Code Pages

Most applications written today handle character data primarily as Unicode, using the UTF-16 encoding. However, many legacy applications continue to use character sets based on code pages. Even new applications sometimes have to work with code pages, often for one of the following reasons:

To communicate with legacy applications.
To communicate with older mail and news servers, which might not always support Unicode.
To communicate with the Windows Console.

New Windows applications should use Unicode to avoid the inconsistencies of varied code pages and for ease of localization.

Each code page is represented by a code page identifier, for example, 1252, and is handled by the Unicode and character set API functions. For a list of supported code page identifiers, see Code Page Identifiers. The «Code Pages» reference on the Microsoft Go Global Developer Center gives full descriptions of many code pages.

Windows code pages, commonly called «ANSI code pages», are code pages for which non-ASCII values (values greater than 127) represent international characters. These code pages are used natively in Windows Me, and are also available on Windows NT and later.

Originally, Windows code page 1252, the code page commonly used for English and other Western European languages, was based on an American National Standards Institute (ANSI) draft. That draft eventually became ISO 8859-1, but Windows code page 1252 was implemented before the standard became final, and is not exactly the same as ISO 8859-1.

Many Windows API functions have «A» (ANSI) and «W» (wide, Unicode) versions. The «A» version handles text based on Windows code pages, while the «W» version handles Unicode text. See Windows Data Types for Strings and Conventions for Function Prototypes.

Windows code pages are also sometimes referred to as «active code pages» or «system active code pages». A Windows operating system always has one currently active Windows code page. All ANSI versions of API functions use the currently active code page.

Original equipment manufacturer (OEM) code pages are code pages for which non-ASCII values represent line drawing and punctuation characters. These code pages were originally used for MS-DOS and are still used for console applications. They are also used for the non-extended file names in the FAT12, FAT16, and FAT32 file systems, as described in Character Sets Used in File Names. The usual OEM code page for English is code page 437.

For both Windows code pages and OEM code pages, the code values 0x00 through 0x7F correspond to the 7-bit ASCII character set. Code values 0x00 through 0x19 and 0x7F always represent standardized control characters and 0x20 through 0x7E represent standardized displayable characters. Characters represented by the remaining codes, 0x80 through 0xff, vary among character sets. Each character set includes different special characters, typically customized for a language or group of languages. Windows code page 1252 and OEM code page 437 are generally used in the United States.

In addition to Windows and OEM code pages, your applications can use non-native code pages. Examples are EBCDIC and Macintosh code pages.

Two encodings of Unicode (UTF-7 and UTF-8) are implemented as code pages.
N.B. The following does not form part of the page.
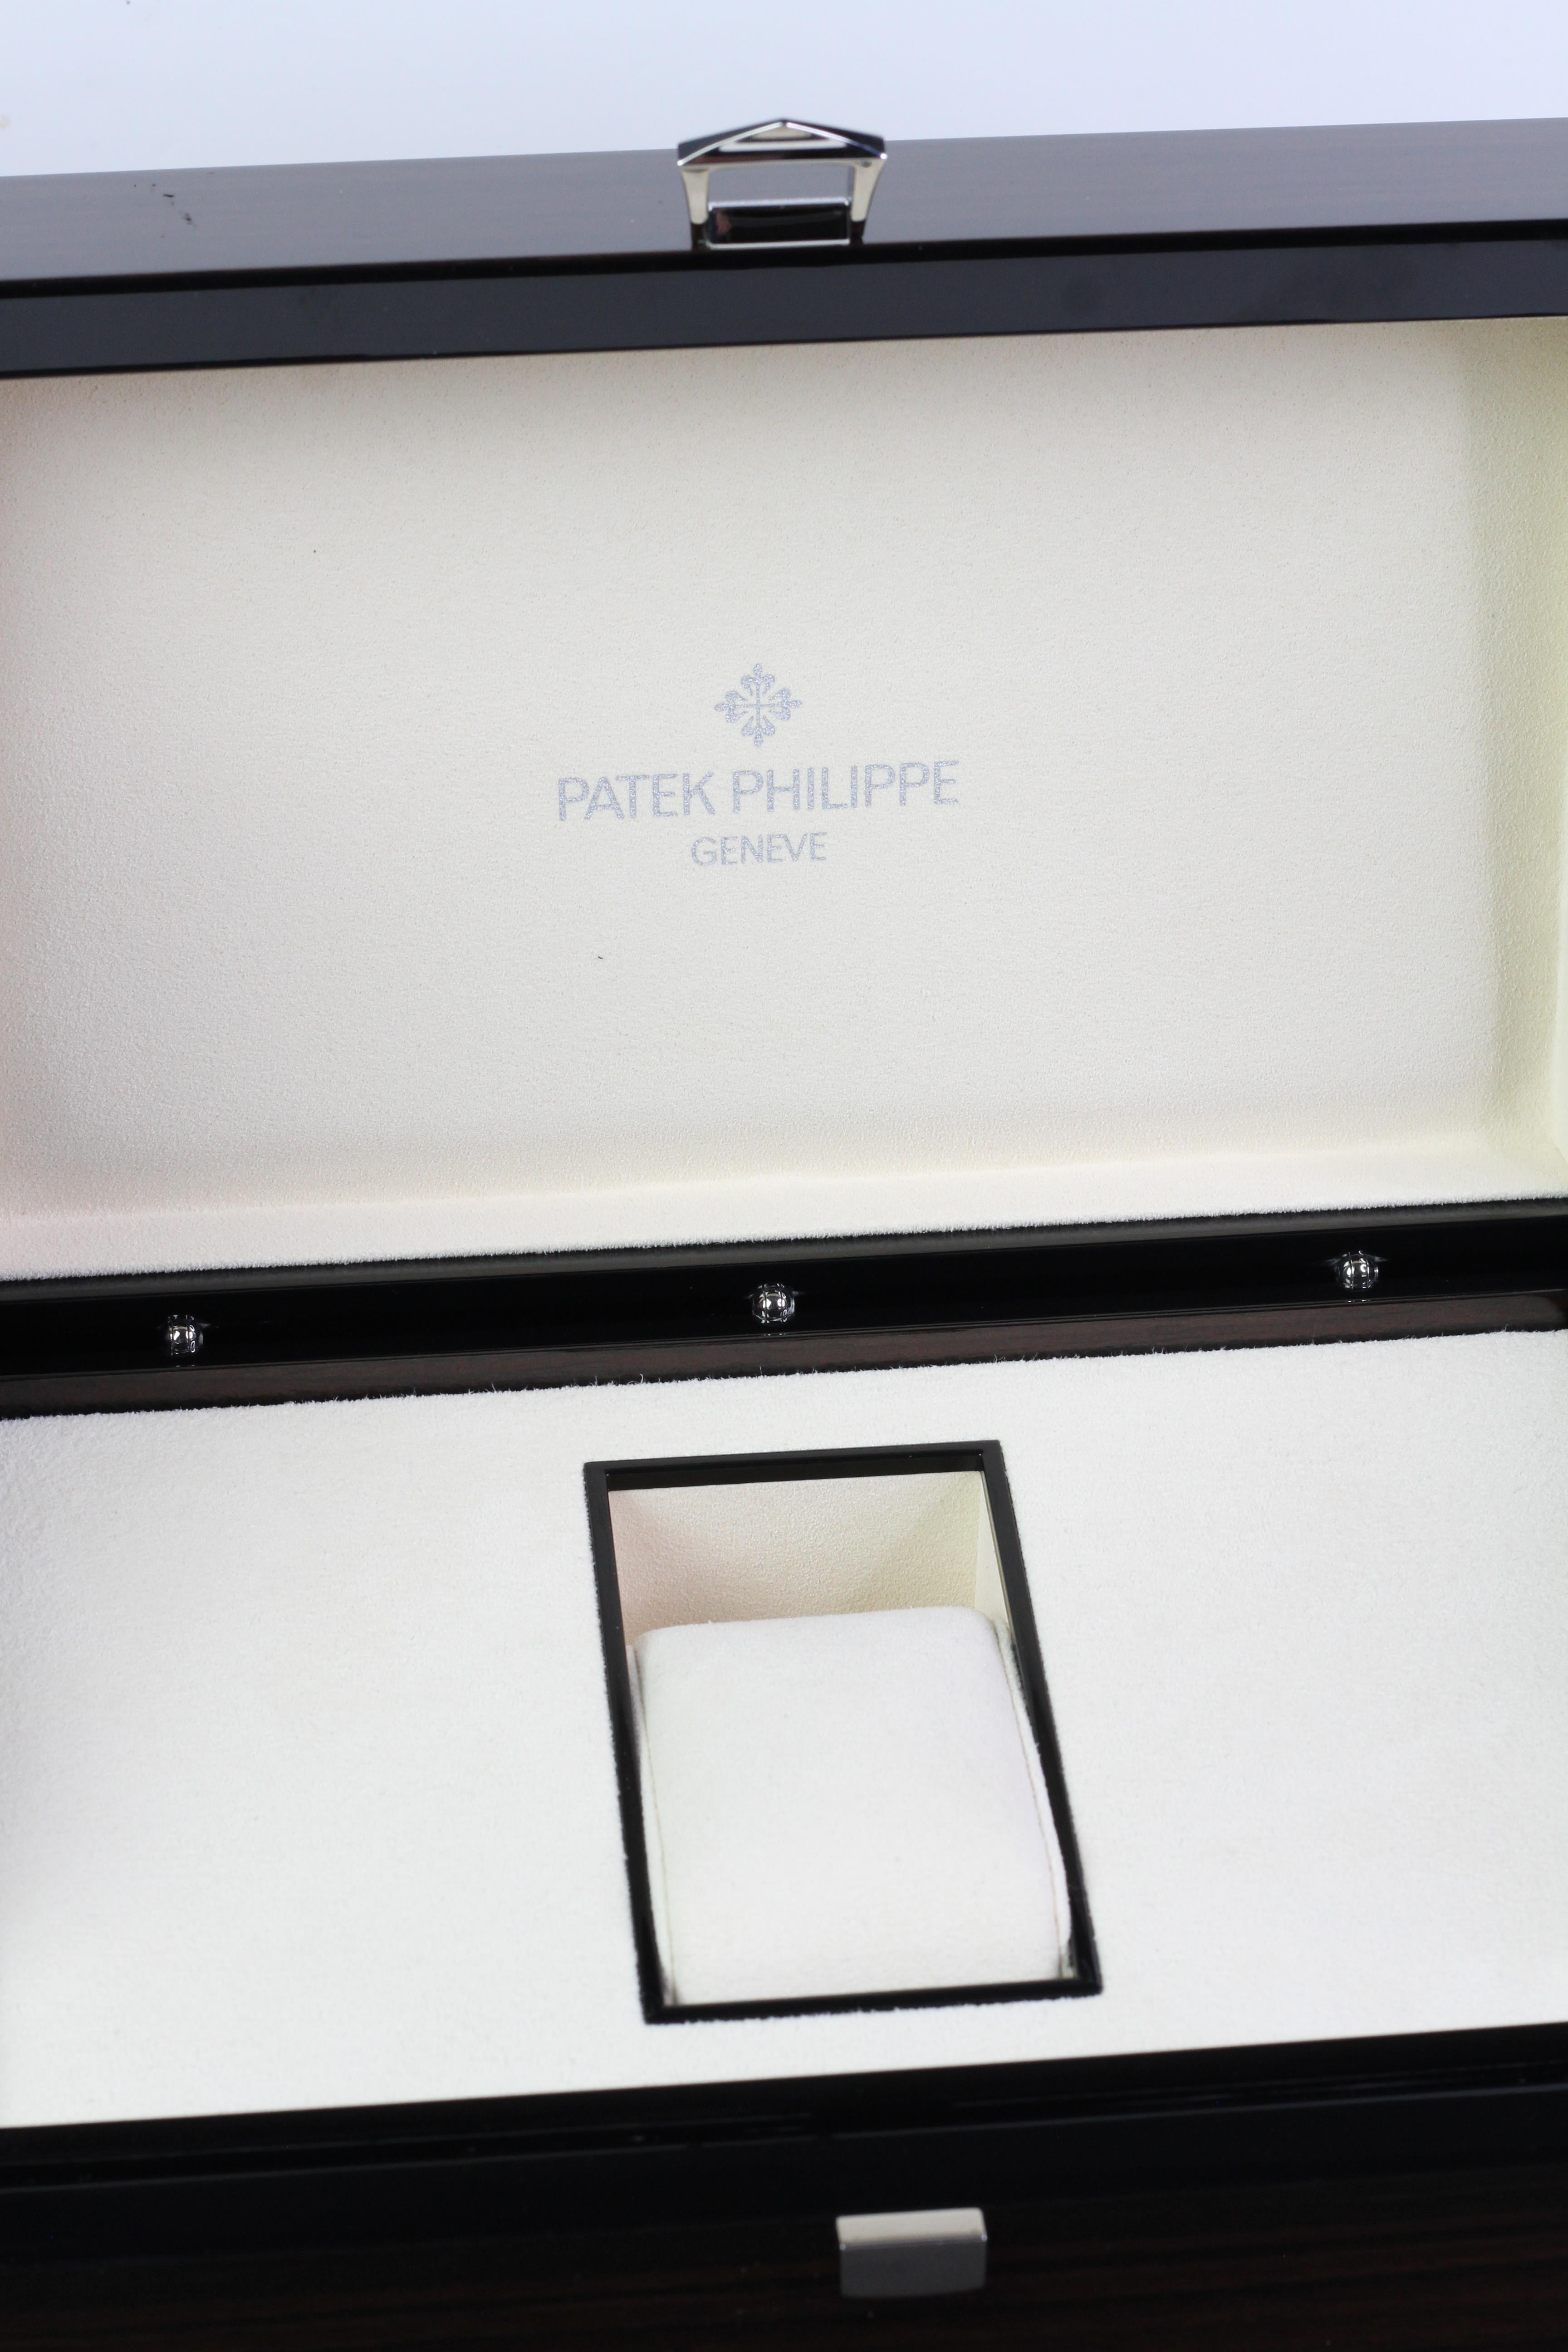 *To Be Sold Without Reserve* Modern Patek Philippe inner box and outer box - Image 6 of 6

Like other code pages, each page is known by a numeric identifier and can be handled with many of the same Unicode and character set API functions.

Code pages can be either single-byte character set (SBCS) pages or double-byte character set (DBCS) pages. In SBCS pages, each byte directly encodes a single character, so that it is possible to represent exactly 256 distinct characters (including control characters, letters, digits, punctuation, symbols, and the like). DBCS code pages are used for languages such as Japanese and Chinese. In such a code page, some characters have two-byte encodings with certain byte values (always values greater than 127) serving as «lead bytes». Instead of encoding characters in their own right, lead bytes can be mapped to a character only in conjunction with a «trail byte».

Some legacy protocols require the use of SBCS and DBCS code pages. Each SBCS/DBCS code page supports different characters, but no code page supports the full breadth of characters provided by Unicode. Each SBCS/DBCS code page supports a different subset, differently encoded.

Data converted from one SBCS or DBCS code page to another is subject to corruption, because the same data value on different code pages can encode a different character. Data converted from Unicode to SBCS or DBCS is subject to data loss, because a given code page might not be able to represent every character used in that particular Unicode data.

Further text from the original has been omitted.